In this case no points will be included in the neighborhood of the rest of the points in the dataset. The best choice, which is vital for the discovery of the dataset structure, lies between these two extremes. Finding the optimal value of $\varepsilon$ is a difficult task. Thus, the ensemble classifier which is based on the Diffusion Maps algorithm will construct different versions of the training set using different values of $\varepsilon$ which will be chosen between the smallest and largest similarities.

3.2 Noise reduction

The DM algorithm can reduce noise under some constraints. Suppose each point is perturbed by some additive noise function $\nu:\Gamma\rightarrow\mathbb{R}^{n}$ such that each point in $\Gamma$ can be written as $x+\nu(x)$ . If the weight function $w_{\varepsilon}$ is smooth, e.g. a Gausssian, then the effect of the noise can be linearized such that

$w_{\varepsilon}\left(x_{i}+\nu\left(x_{i}\right),x_{j}+\nu\left(x_{j}\right)% \right)=w_{\varepsilon}\left(x_{i},x_{j}\right)+O\left(\frac{\left\|\nu\right% \|}{\sqrt{\varepsilon}}\right).$

Consequently, the noise effect on the Markov transition matrix $M$ Eq. (4) is of the same order i.e.

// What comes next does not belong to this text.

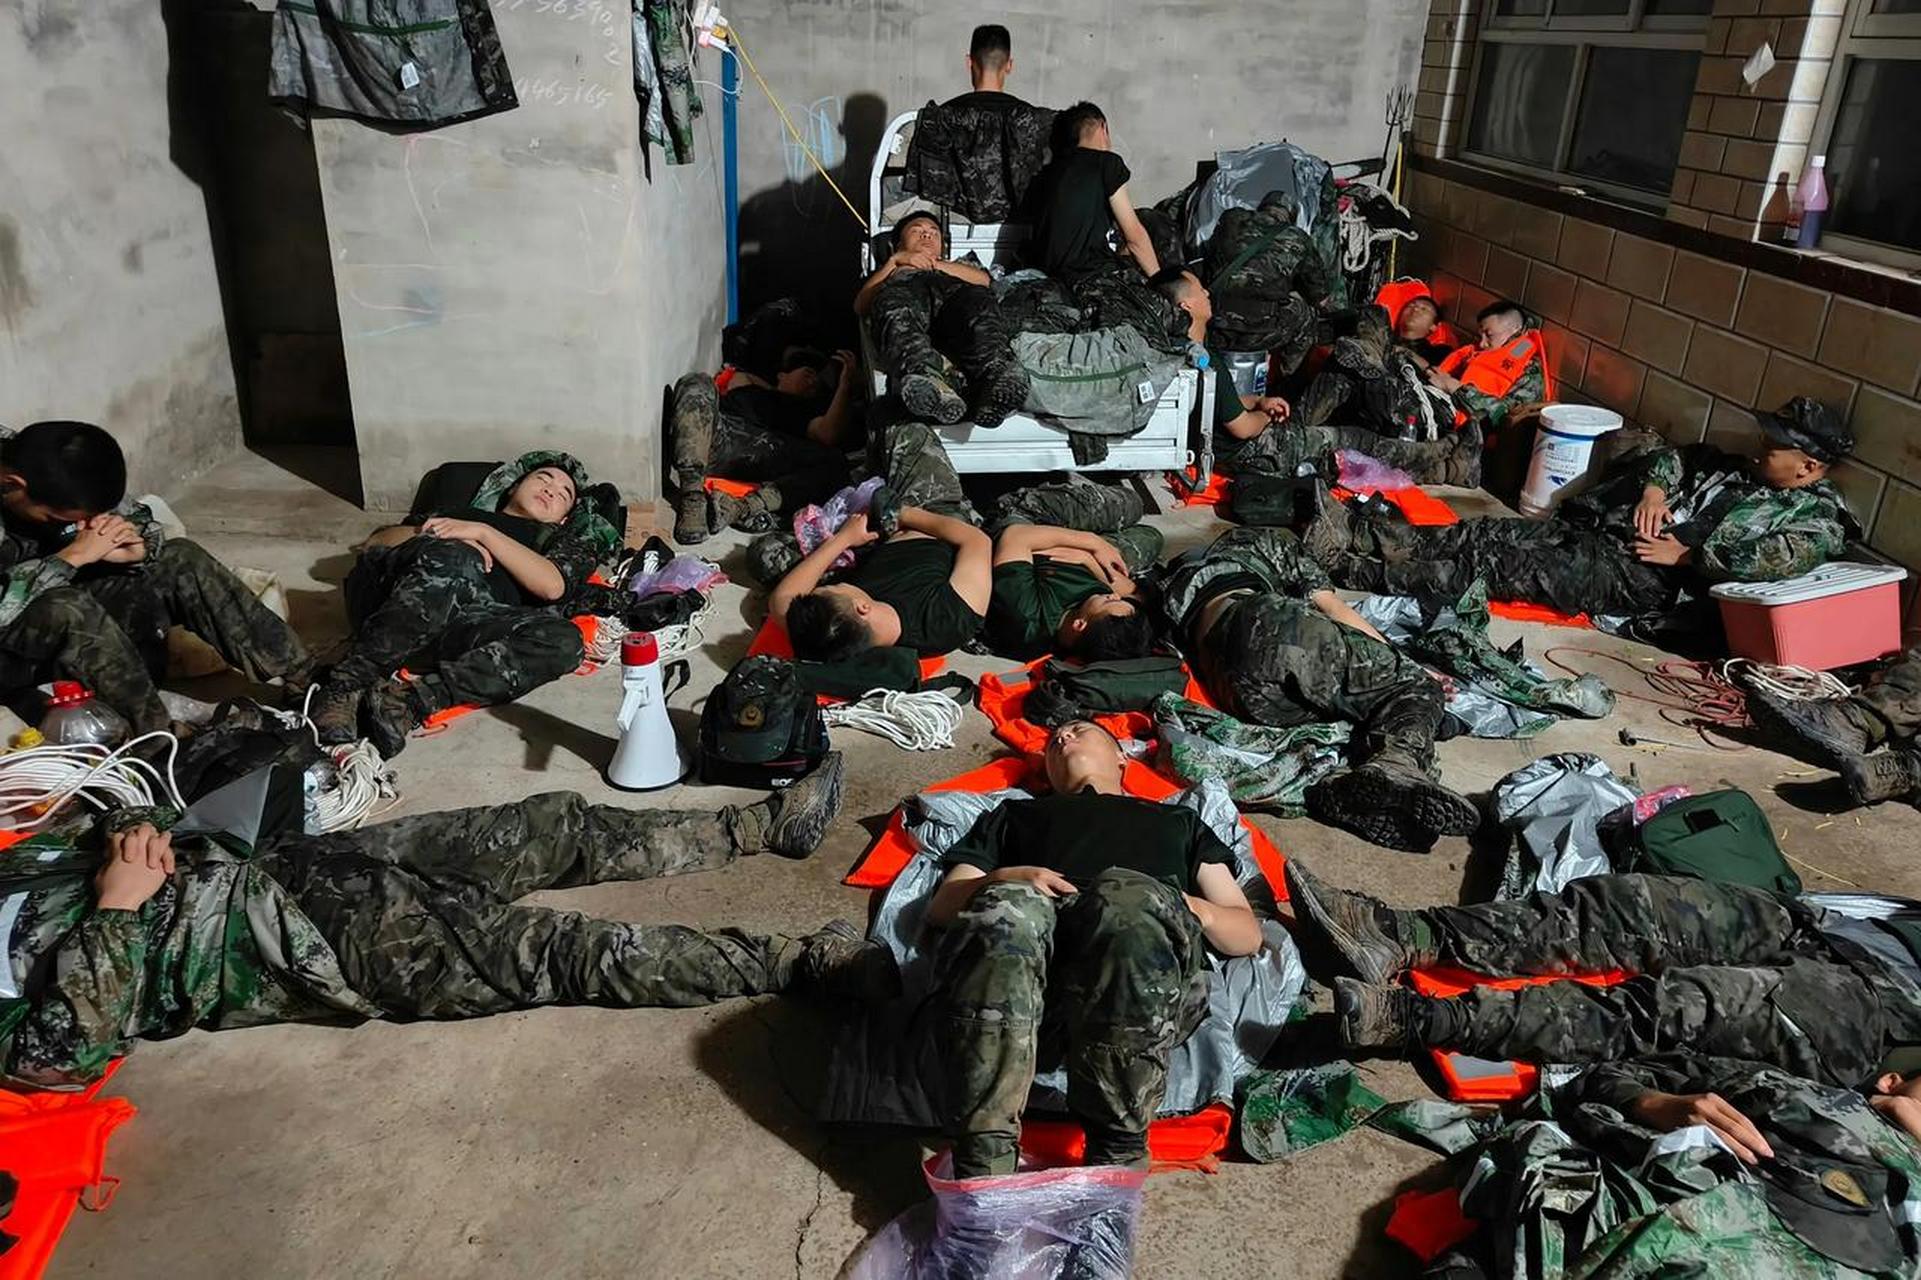 河北廊坊抗洪第一线的一张感人又心酸的照片,10多位疲惫抗洪军人躺在

$\hat{m}\left(x_{i},x_{j}\right)=m\left(x_{i},x_{j}\right)+O\left(\frac{\left\|% \nu\right\|}{\sqrt{\varepsilon}}\right).$

where $\hat{m}$ is the perturbed version of $m$ .

Let $\hat{\lambda}_{k}$ be the $k$ -th eigenvalue of the matrix $M$ Eq. (4) where the eigenvalues $\{\hat{\lambda}_{k}\}$ are ordered in descending order. Weyl’s inequality can be used to find the effect of the noise on the eigenvalues and eigenvectors:

$\sup_{k}|\hat{\lambda}_{k}-\lambda_{k}|\leqslant\|\hat{M}-M\|.$

Thus, the influence of the noise on the embedding is limited as long as the noise is smaller than $\sqrt{\varepsilon}$ . We demonstrate the noise reduction capabilities of the DM algorithm in Fig. 3. The DM algorithm is applied to a paraboloid (Fig. 3 left) to which Gaussian noise was added. It can be seen that DM successfully discovered the two parameters that constitute the parabolid (Fig. 3 right) while reducing the noise.

Figure 3.

Noise reduction example of the DM algorithm.

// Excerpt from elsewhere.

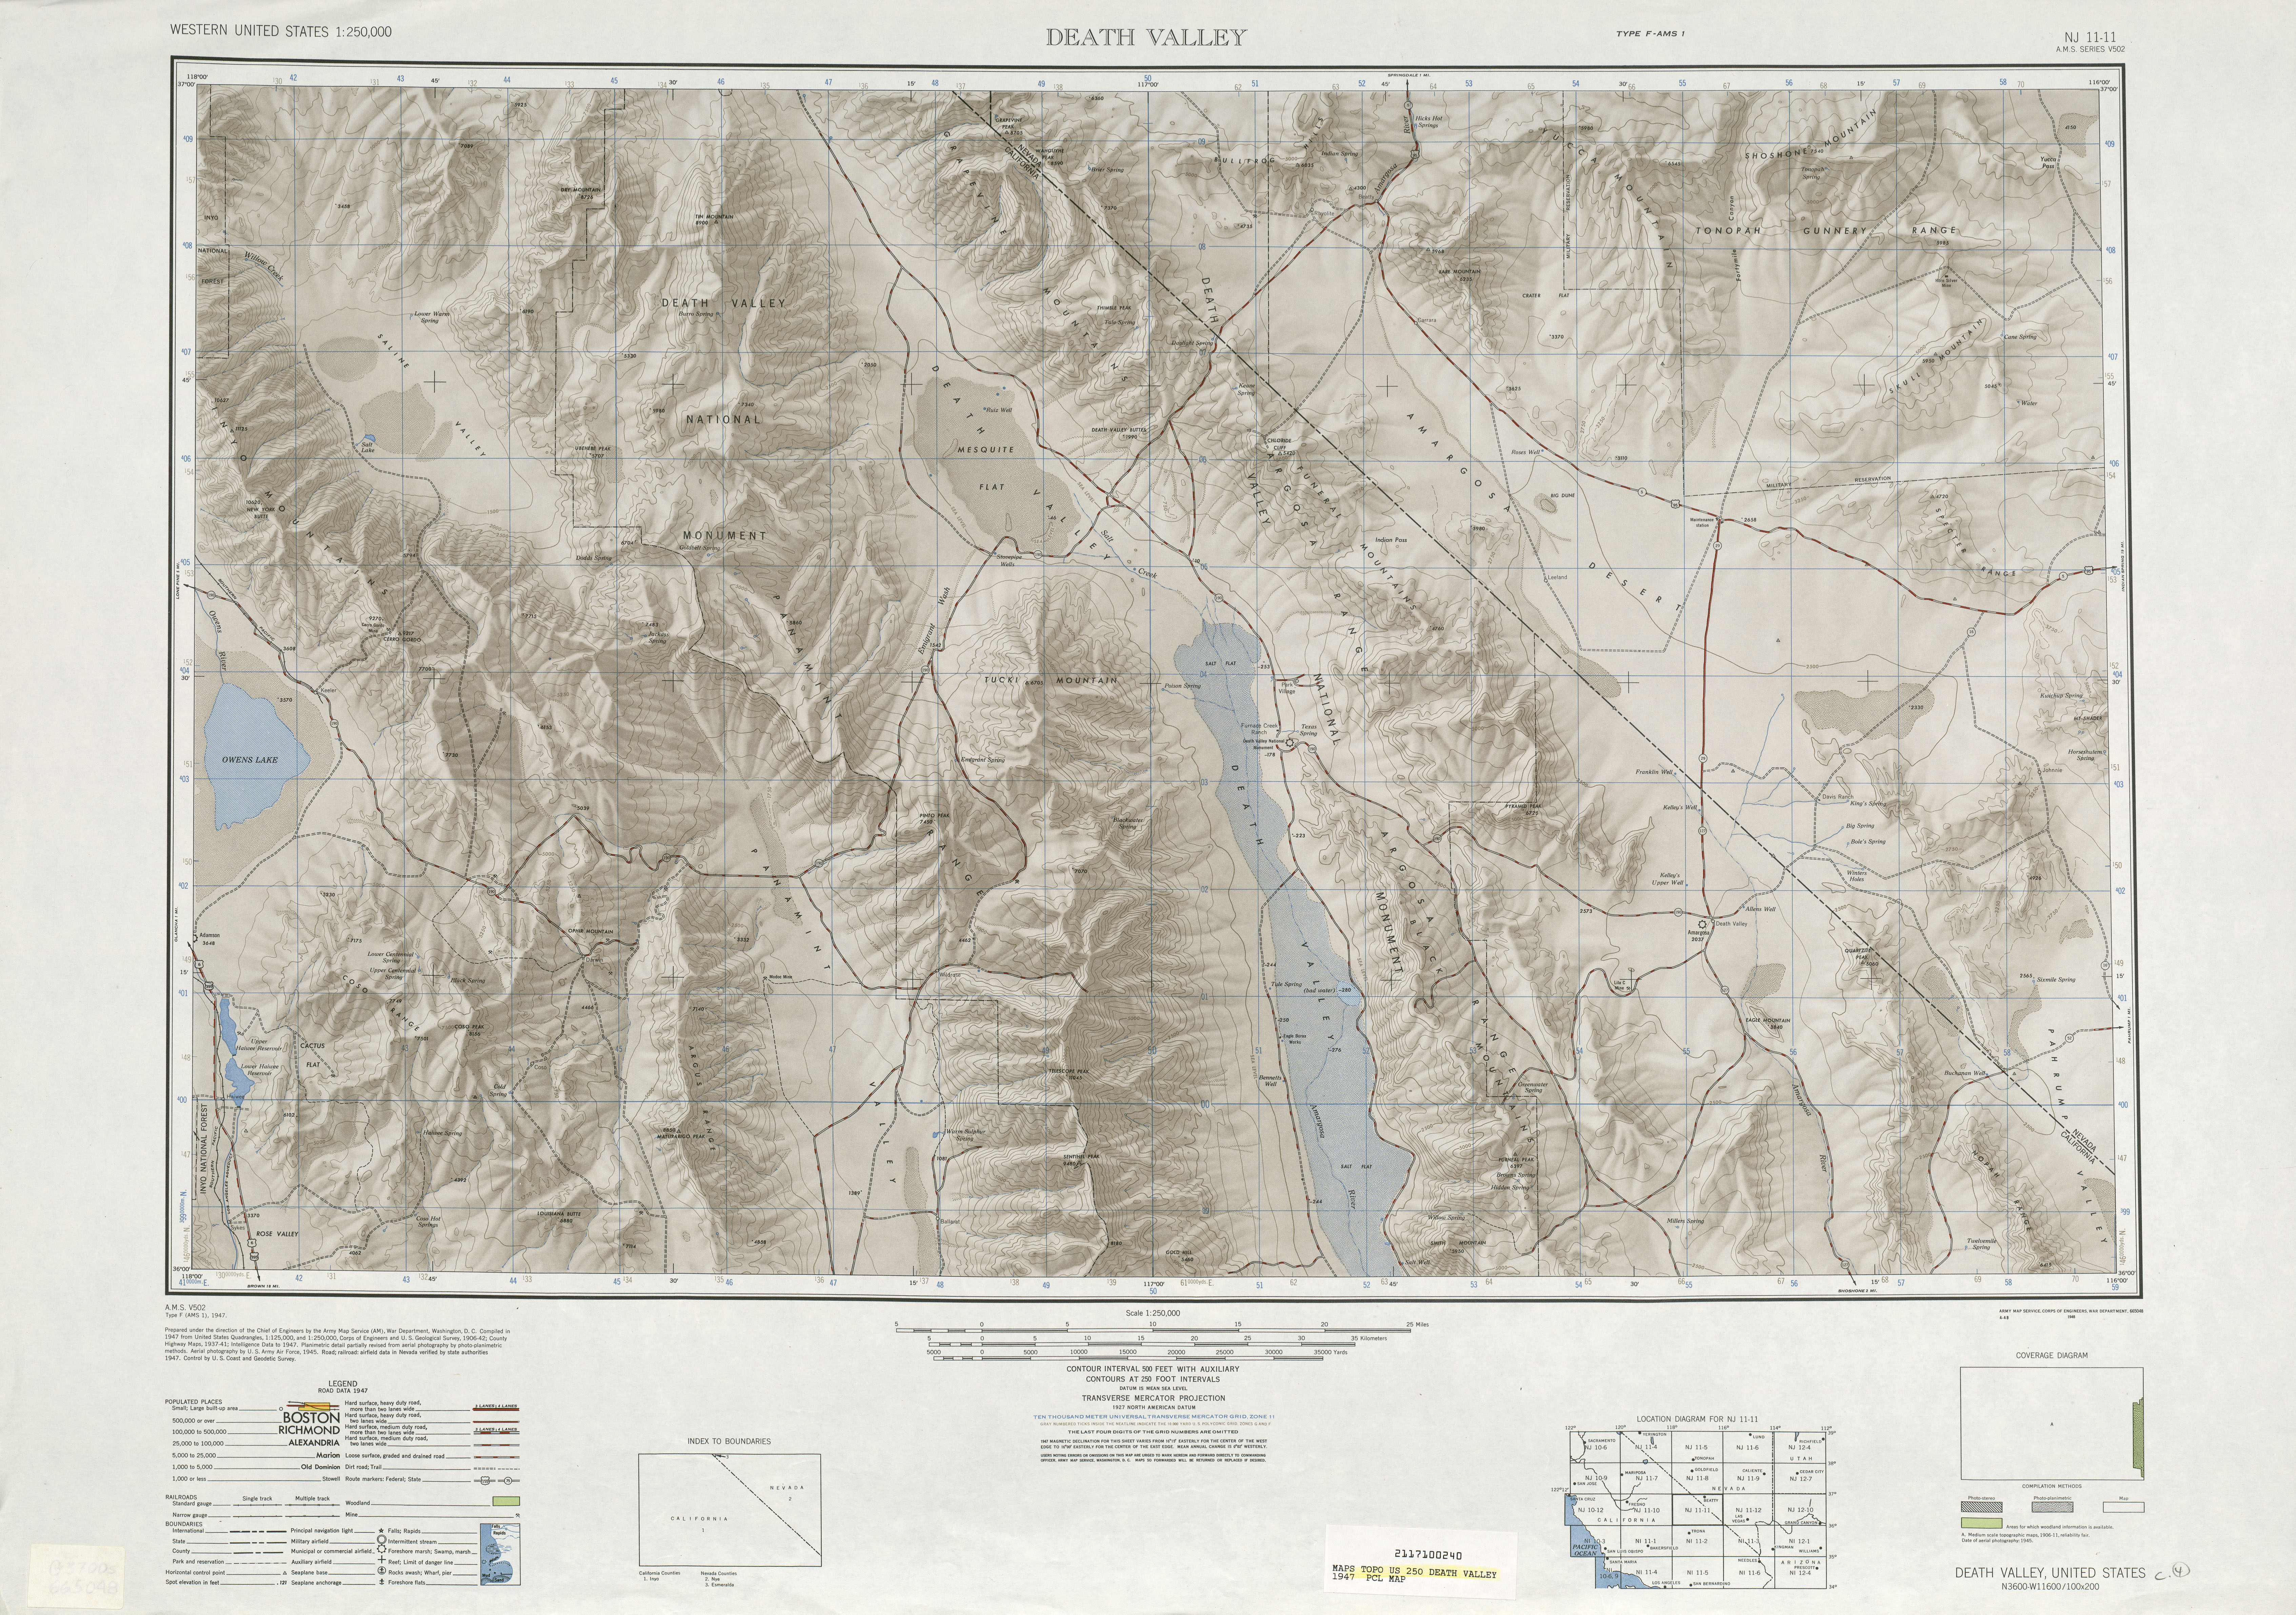 Hoja Death Valle del Mapa de Relieve Sombreado de los Estados Unidos 1947

3.3 The Nyström out-of-sample extension

The Nyström extension [44] is an extrapolation method that facilitates the extension of any function $f:\Gamma\rightarrow\mathbb{R}$ to a set of new points which are added to $\Gamma$ . Such extensions are required in on-line processes in which new samples arrive and a function $f$ that is defined on $\Gamma$ needs to be extrapolated to include the new points. These settings exactly fit the settings of the proposed approach since the test samples are given after the dimensionality of the training set was reduced. Specifically, the Nyström extension is used to embed a new point into the dimension-reduced space where every coordinate of the low-dimensional embedding constitutes a function that needs to be extended.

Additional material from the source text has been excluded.